Вечером пришел Григоров — без предварительного звонка, запросто, по-соседски. Сказал, улыбнувшись:
— Захотелось при вас... «покурить». Думал, что подарить вам на добрую память, надумал — вот...— и протянул смущенному Кирилину предмет, давно и тайно желаемый — геологический молоток. Не новый — поработавший. Каленый ударник, каленый «клюв», рукоять буковая, она же и линейка, семьдесят пять клейменых сантиметров, и с металлической оковкой. Альпинштоком может служить. Инструмент!
— Вы уж распишитесь, Сергей Александрович, на рукояти.

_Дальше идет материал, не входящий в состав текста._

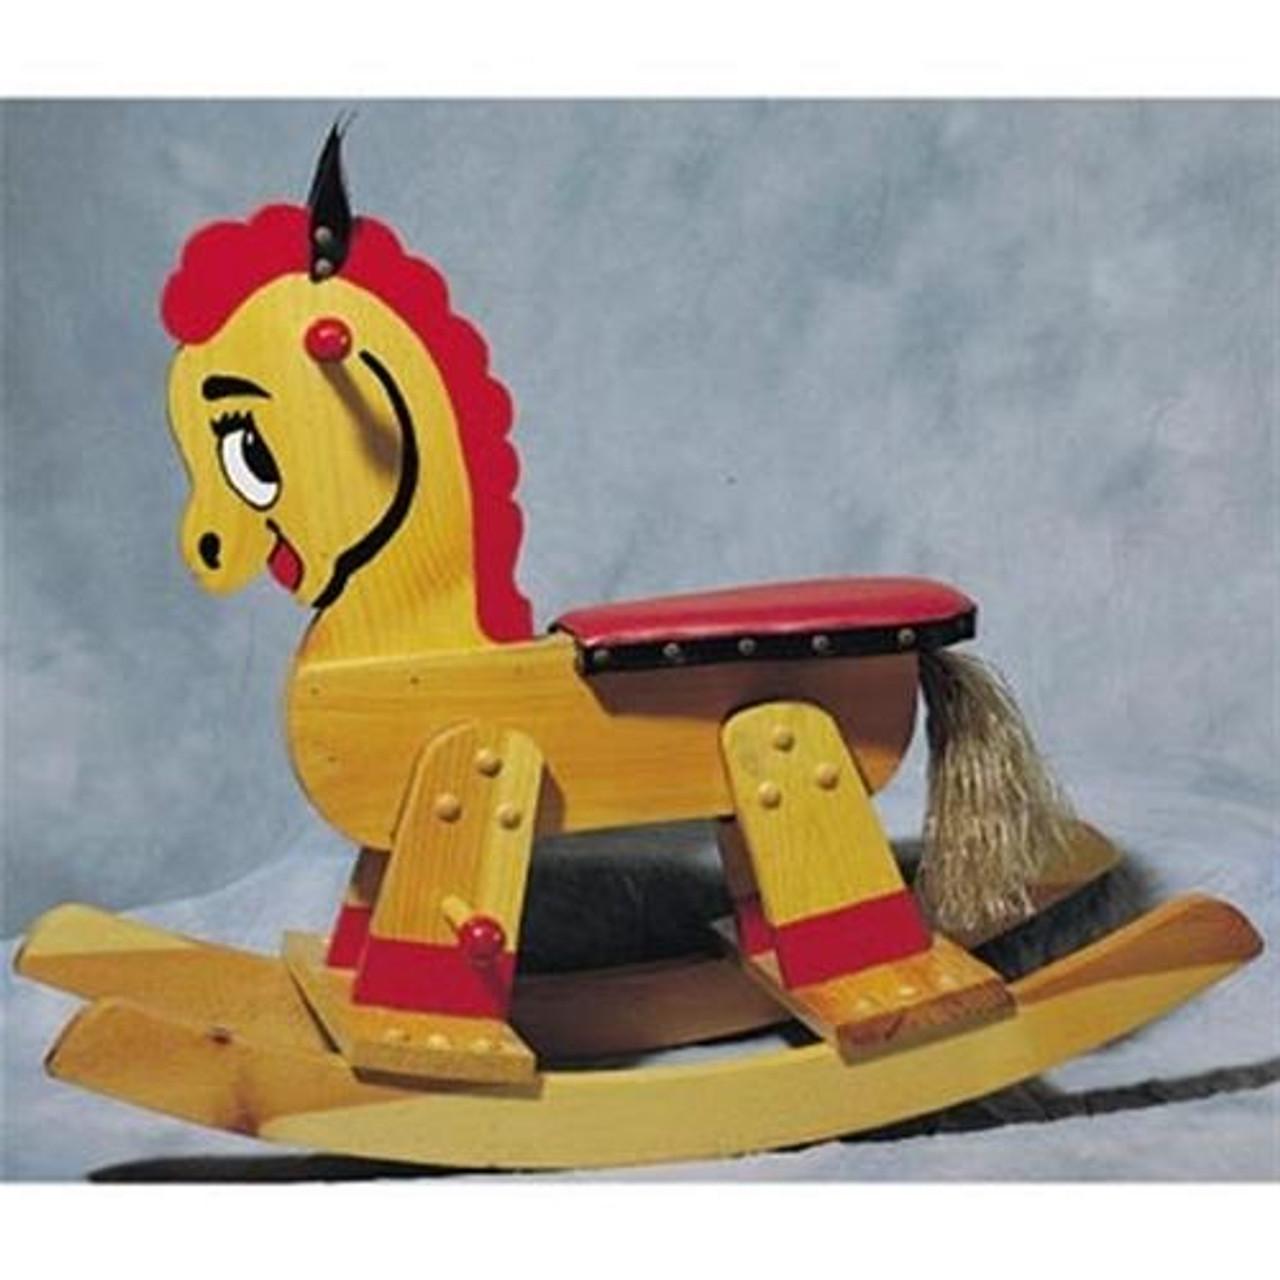 U-Bild Rocking Horse Plan

Я потом выжгу по росписи — сохранится!
Григоров усмехнулся с ироническим прищуром, но расписался.
Серебристый оконный иней в отблесках уличного света искрился и переливался перламутровыми разводами. Окно то и дело потрескивало — к ночи нагнетался мороз.
С Григоровым и помолчать можно, это как бы своеобразный диалог,— подумал Кирилин,— каждый молчит о своем, ну а по сути — об общем.
Настоящего специалиста, ученого по заказу — не воспитаешь. Из никого не сделаешь... Вспомнились конкурсные приемные экзамены в творческом вузе — четыре ступени отбора, каждый с почти
[266]
половинным отсевом. И вот отбирались избранные, курс, возглавляемый Мастером. Учились, старались, проявлялись, а отсев продолжался: кого отчисляли по воле Мастера, а кто и сам уходил, поняв в ходе учебного процесса, что он «гвоздь не от этой стенки». Четыре с половиной года спустя — выпуск. Поредели ряды, лица повзрослевшие, глаза помудрели. Сколько их, пятнадцать, двадцать? Получают дипломы. Но кто из вручающих, кто из получающих в этот торжественный миг может поручиться в том, что дипломированные обязательно состоявшиеся творцы? Все покажет жизнь, и не завтра... Спросил интервьюер из молодежной прессы у вчерашнего выпускника, уже заявившего себя в творчестве режиссера-оператора Евгения Кряквина: «Чему вы научились в институте?» — «Хотеть учиться!» — твердо ответил Евгений...
Специалист и ученый формируются в процессе познания — факт неоспоримый — но каждый по-своему, на личном «фундаменте»: способностях самостоятельно мыслить, анализировать, убеждаться и убеждать... Реформой школы — основной «фабрики» личностей— партия, государство, мы, народ, поставили перед новым поколением грандиозную задачу: создать армию личностей, творцов будущего. Посыл к задаче ясен — одними талантами не обойтись, редок он, талант. И пути в науке прокладывают ныне не одиночки-таланты, а сомкнутые цепи личностей... Ну, роль таланта, гения — неоспорима. Но неоспоримо и то, что серый учитель в школе — ив вузе — талантливого ученика не поборет, не подавит, а вот среднего, еще не сложившегося в личность, плохой педагог убьет...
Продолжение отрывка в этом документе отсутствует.